The issue isn't so much the absolute temperature as much as the combination of temperature and humidity. A wet-bulb temp of 35C can be fatal.
https://www.cbc.ca/news/science/how-hot-is-too-hot-for-human...
According to this site, there are numerous areas of Pakistan with a wet-bulb temp well north of 35C...that seems extremely dire, and should probably not be flippantly dismissed because other places are hotter.
https://meteologix.com/pk/observations/pakistan/wet-bulb-tem...
> Stop complaining about the hot weather please and focus on more pressing global issues.
What would those more pressing issues be? Soon enough many very populated places in the world will be unlivable. Even now the reality described in the piece is shocking - 330 GBP for a month's worth of power is way more than what I pay in the Netherlands during the coldest winter months. I imagine the vast majority of Pakistanis will never be able to afford the amount of electricity needed to cool their houses down to a bearable temperature.

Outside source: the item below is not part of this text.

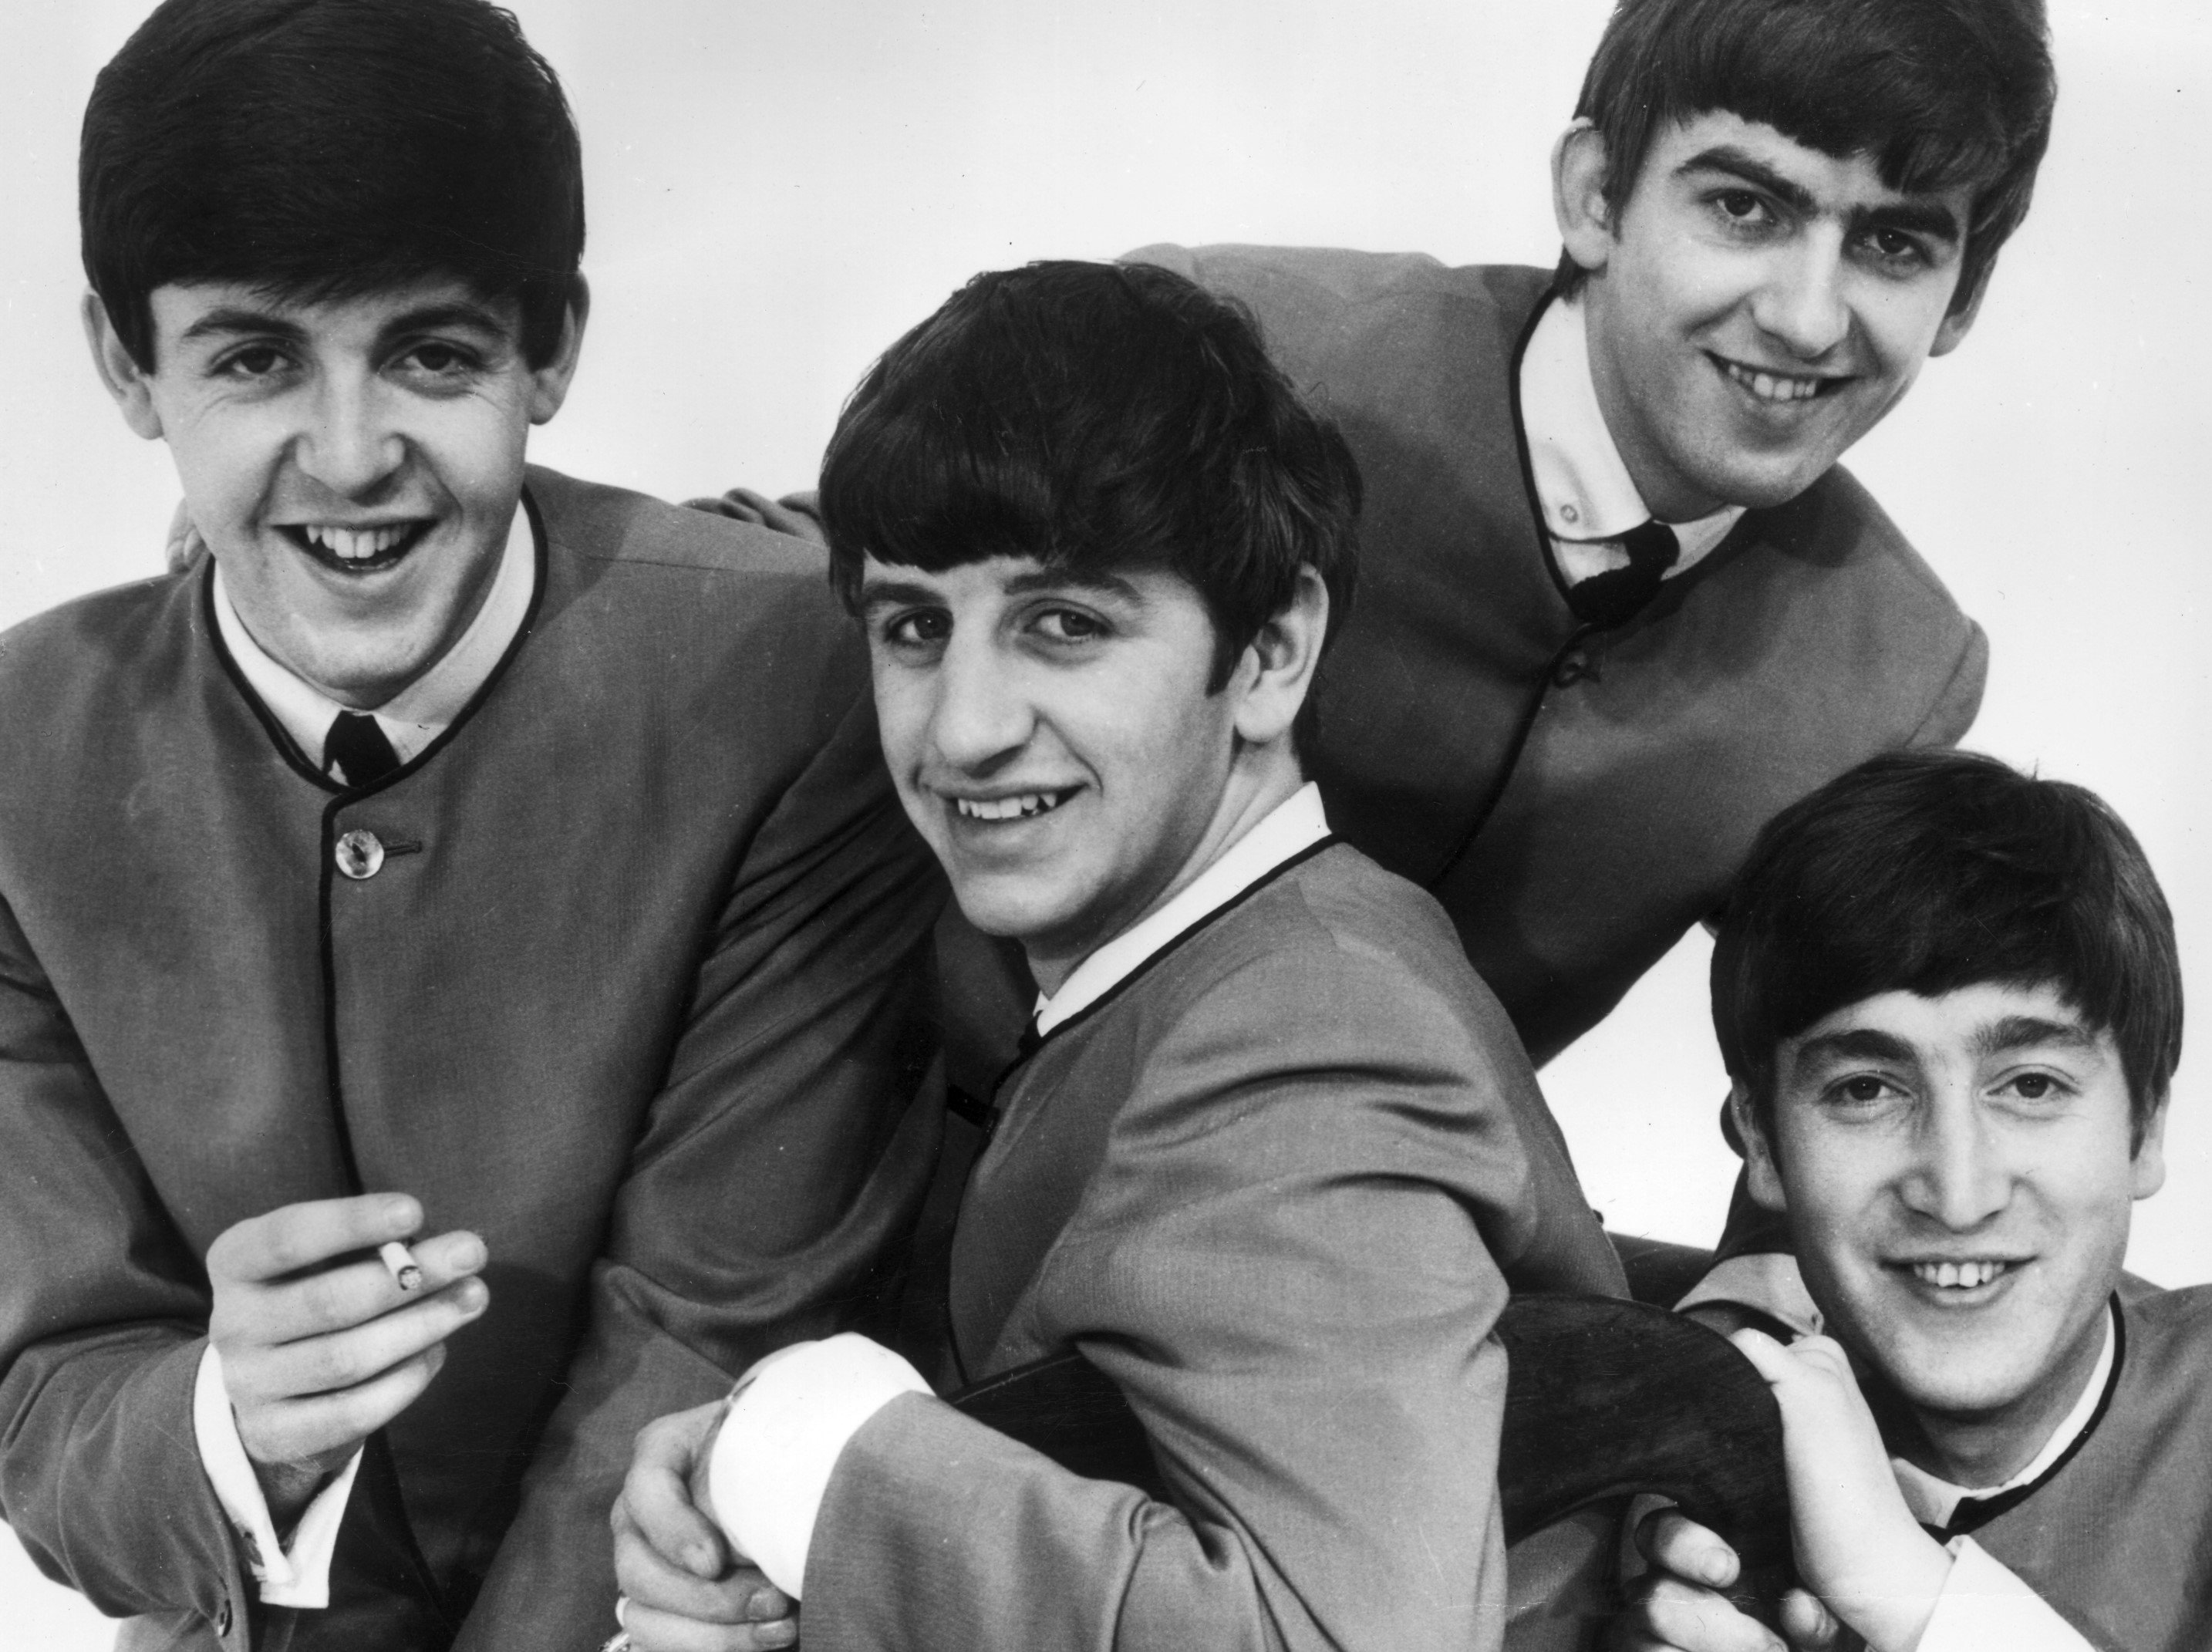 The Beatles' Paul McCartney, Ringo Starr, George Harrison, and John Lennon in black-and-white

This comment was dead, and I expect it to be unpopular (the sentiment always is) - but I'm vouching for it because by linking some data it's at least as substantive as the submission, regardless of whether it's right or wrong.
This article isn’t about the temperature reaching 44 C for a single day.
Where you are sitting in 42 C weather, do you still have electricity? Because that’s mostly what the article is mostly about.
> This article isn’t about the temperature reaching 44 C for a single day.
Well this is the only actual data point it makes reference to, it links to a study which makes claims about 50 years in the future, which may contain some data, but that is thrice removed if it does.
==Well this is the only actual data point it makes reference to==
I don't see anywhere in the article where it makes this reference, it's just in the headline. The article actually says "When it’s above 44C it feels like you’re going to die – I’m not making that up."
==Now it goes above 40C on an average day==
A reference to the consistency of the heat as opposed to the extremes of the heat.